Just the other day I was thinking of the role that women in leadership must play to help society move towards gender equality by cooperating with women’s civil society organizations. This duty is often clouded by “differences” between women in various leadership posts.
At the call of the The Jordanian National Commission for Women (JNCW), women ministers, deputies, mayors, and others met last week to discuss ways to cooperate to lobby for women’s causes in the country. This is a good step forward I think, but I withhold judgment until something tangible comes out of it — like suggestions to achieve equality for women in the various laws.
Take this an example of legal and social discrimination against women in Jordan:
20-year-old kills his sister in so-called honour crime
By Rana Husseini
AMMAN - The criminal prosecutor on Saturday charged a 20-year-old man with the premeditated murder of his younger married sister in the Jordan Valley for reasons related to family honour, official sources said.
The suspect reportedly confessed to stabbing his sibling to death at their family home a day after she was released from custody by the administrative governor, the source told The Jordan Times.
After the incident, the suspect waited for the police to come and arrest him and when they arrived at the scene, he claimed he killed his sibling, who was married at the age of 16 and had a one-year-old child, to cleanse his family’s honour, the source added.
His sister’s husband accused her of seeing other men and she went missing from his home a few days before the incident, according to the source.
“The authorities found the victim and she was detained for a while by the administrative governor, who handed her over to her family on Thursday after her father signed a JD5,000 guarantee that he would not harm his daughter,” the source said.
The victim went home with her father on Thursday and on Friday morning her brother murdered her, the source said, adding that the criminal prosecutor did not press charges against other family members, but ordered her brother detained.
The victim’s husband refused to press charges against the suspect, a source close to the investigation told The Jordan Times.
The victim became the seventh woman to be killed in a so-called honour crime in Jordan since the beginning of the year.
She is also the third woman to be killed for reasons related to family honour in May.
Every time something as atrocious as this happens in my country, I feel a piece of me has died.
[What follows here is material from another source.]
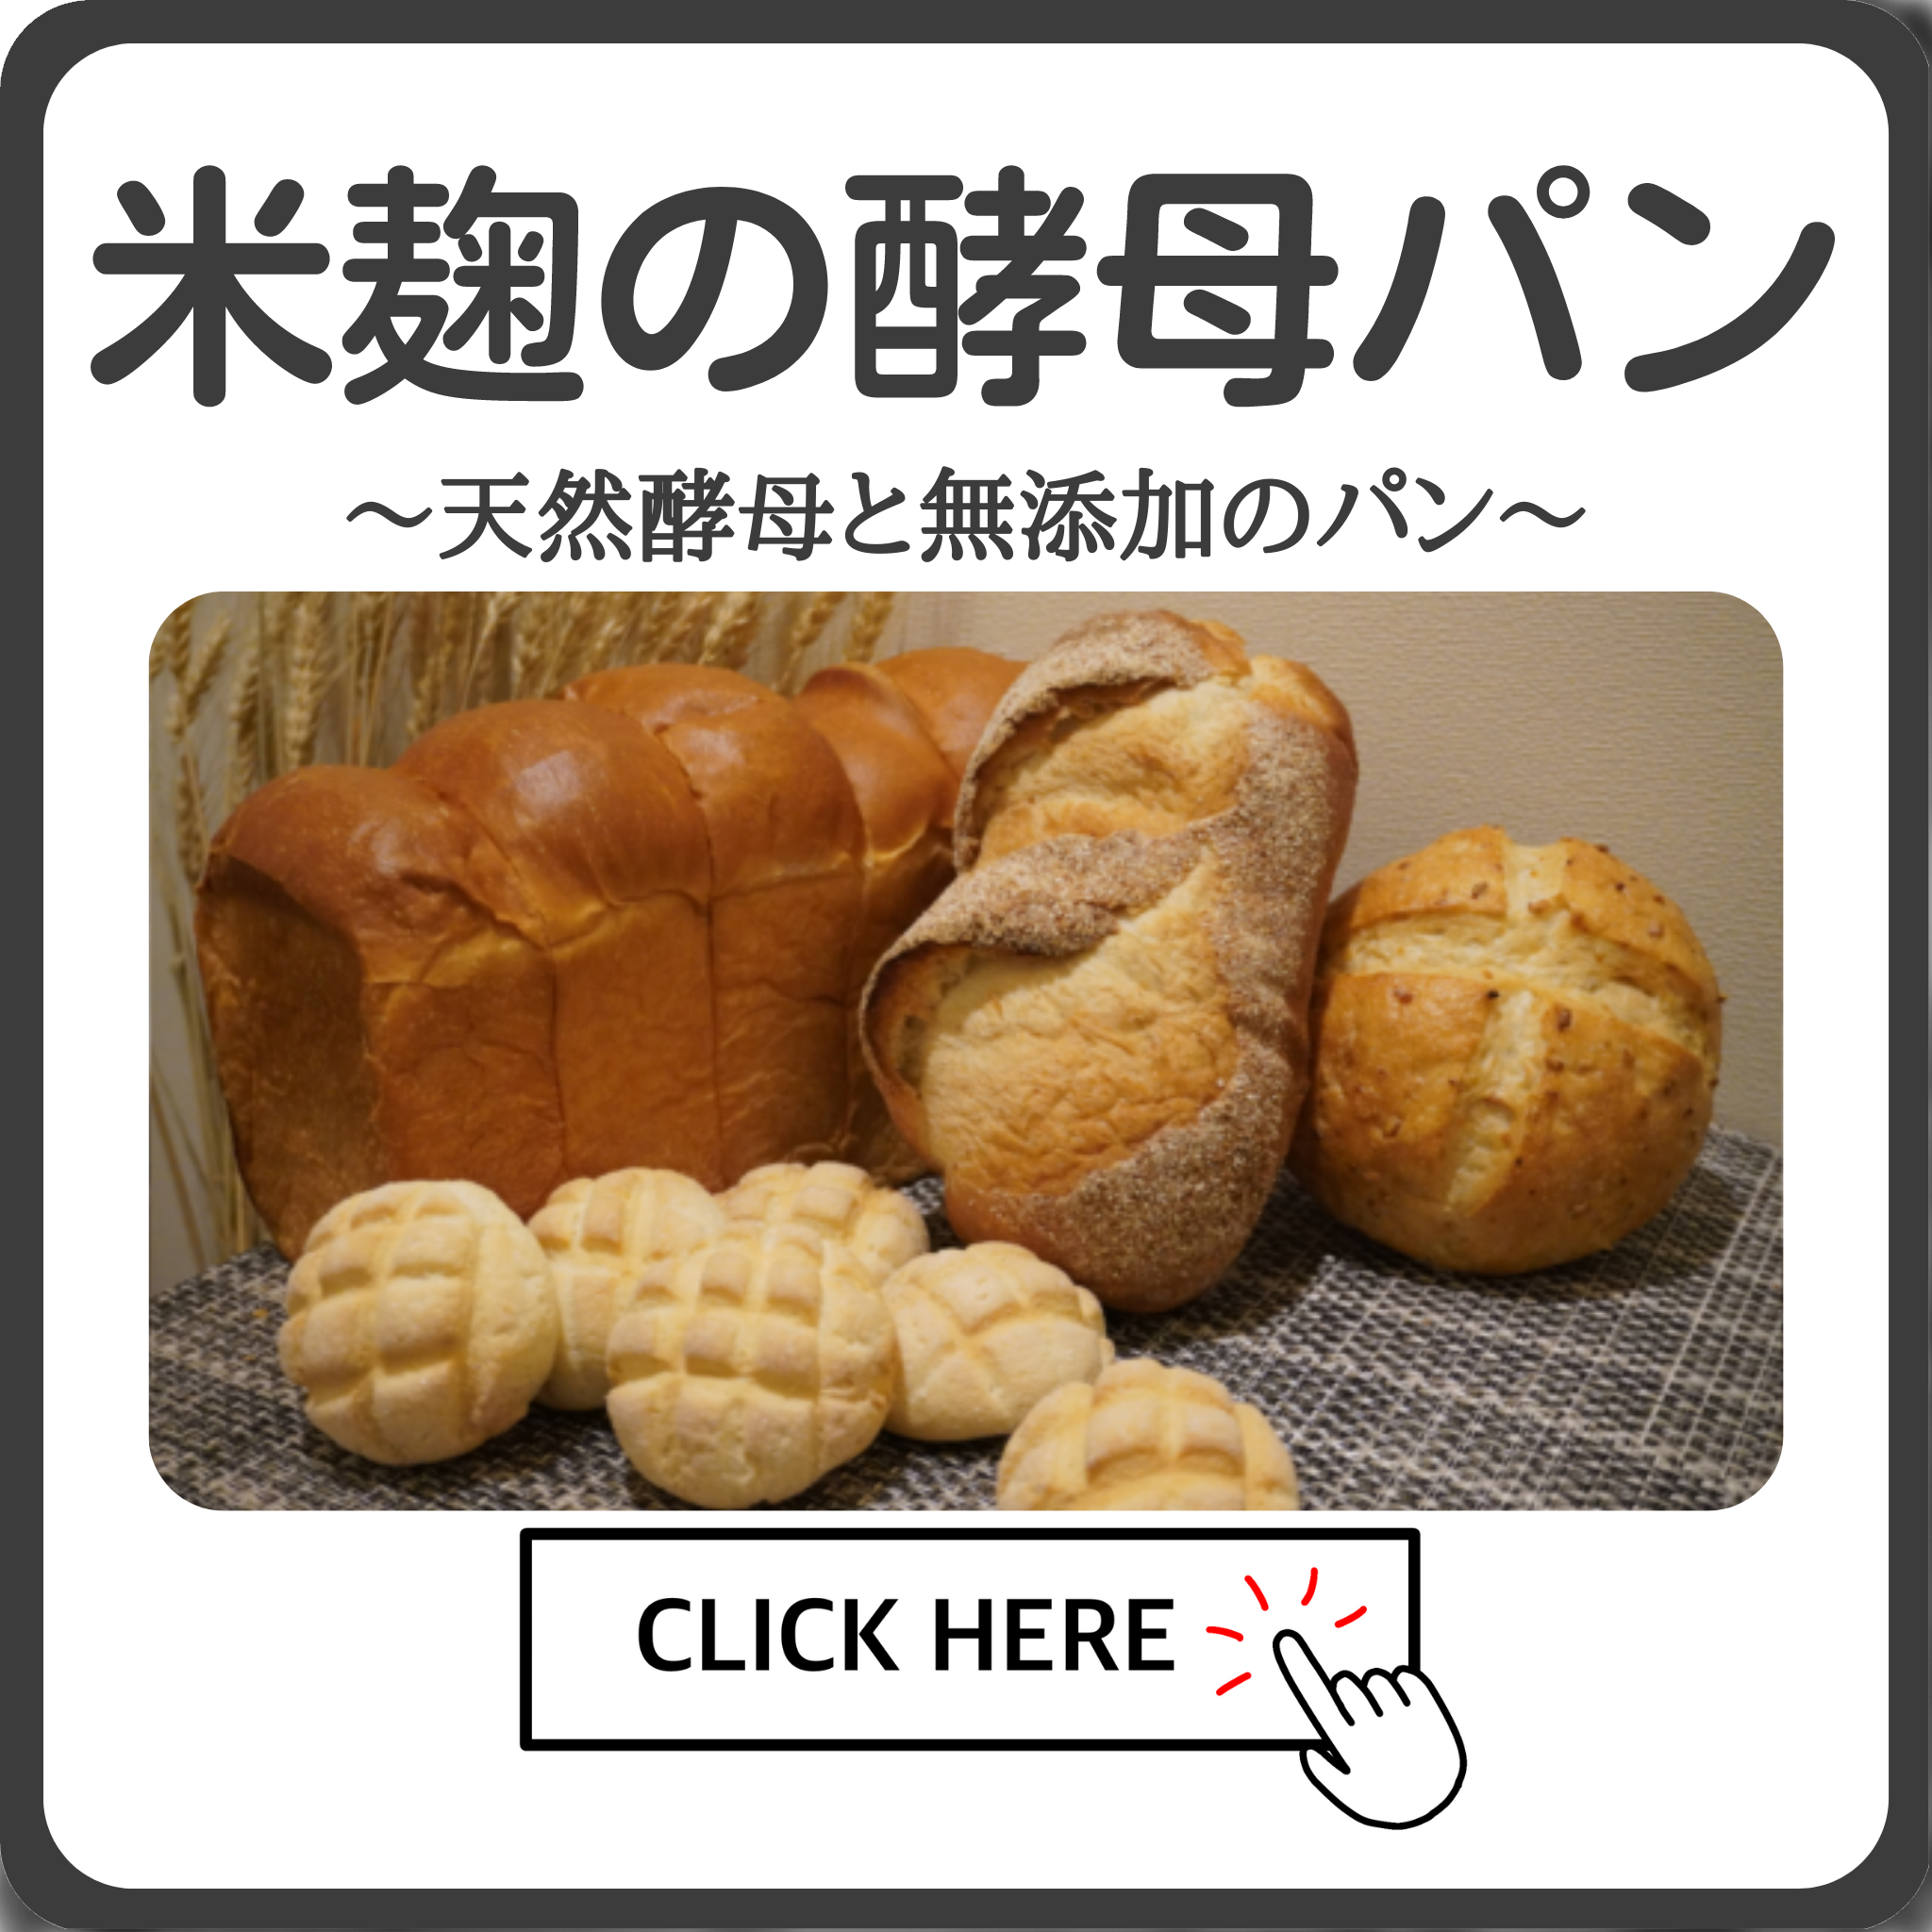 天然酵母と無添加のパン

When I think about it, I feel that I am powerless except to shout from the bottom of an abyss. There has to be something you and I can do about it, I hate to think we are so insignificant in the face of organized and legalized murder. What can we do?
“What can we do?”
That’s the only matter of discussion here. We’re not gonna discuss whether her brother had the right to do it or not, nor the role of her family, nor the role of her husband
. And I hope, I just hope, that we won’t spend our time discussing the fact that the brother is most likely a victim himself, and imagining different scenarios on how they persuaded him and such.
Positive procedures in order to stop this legally-allowed free kill must consider the following:
They’re all in it together. The government that allows this kill to go unpunished, the parliament -that is either too ignorant or too close-minded- that wouldn’t dare pass a law that stops this, the religion men -that are too scared to stare this issue in the eye- that they won’t dare touch it with a 100 feet pole, and last -but not the least- the Society that approves this crime, runs and then then rewards it.
GO ahead and persuade hundreds of thousands of years of male-domination that it is NOT OK to kill your sister if she speaks with a boy, you’re NOT being a good brother.
Let’s gather, us women of Jordan. Let’s start with a meeting, with the King and Queen. Somehow, somewhere. Let’s not give up even if we’re rejected a million times. Let’s start this, even if we don’t finish, let’s just start.
http://www.youtube.com/watch?v=EIiaCu2HhrM
Damn.
I only read this now, i went back to alghad archives and I didn’t find anything about this. How come?!
So what happens to the brother? Are we sure he will receive a reduced sentence?
Most likely
since the husband refused to press charges. Plus this crime was committed in a “state of anger”, or whatever. Most cases, the brother spends six months in jail (most of this time would pass in the process of trial….etc) and then comes out to the society as the hero they made him think he is. well-played, huh?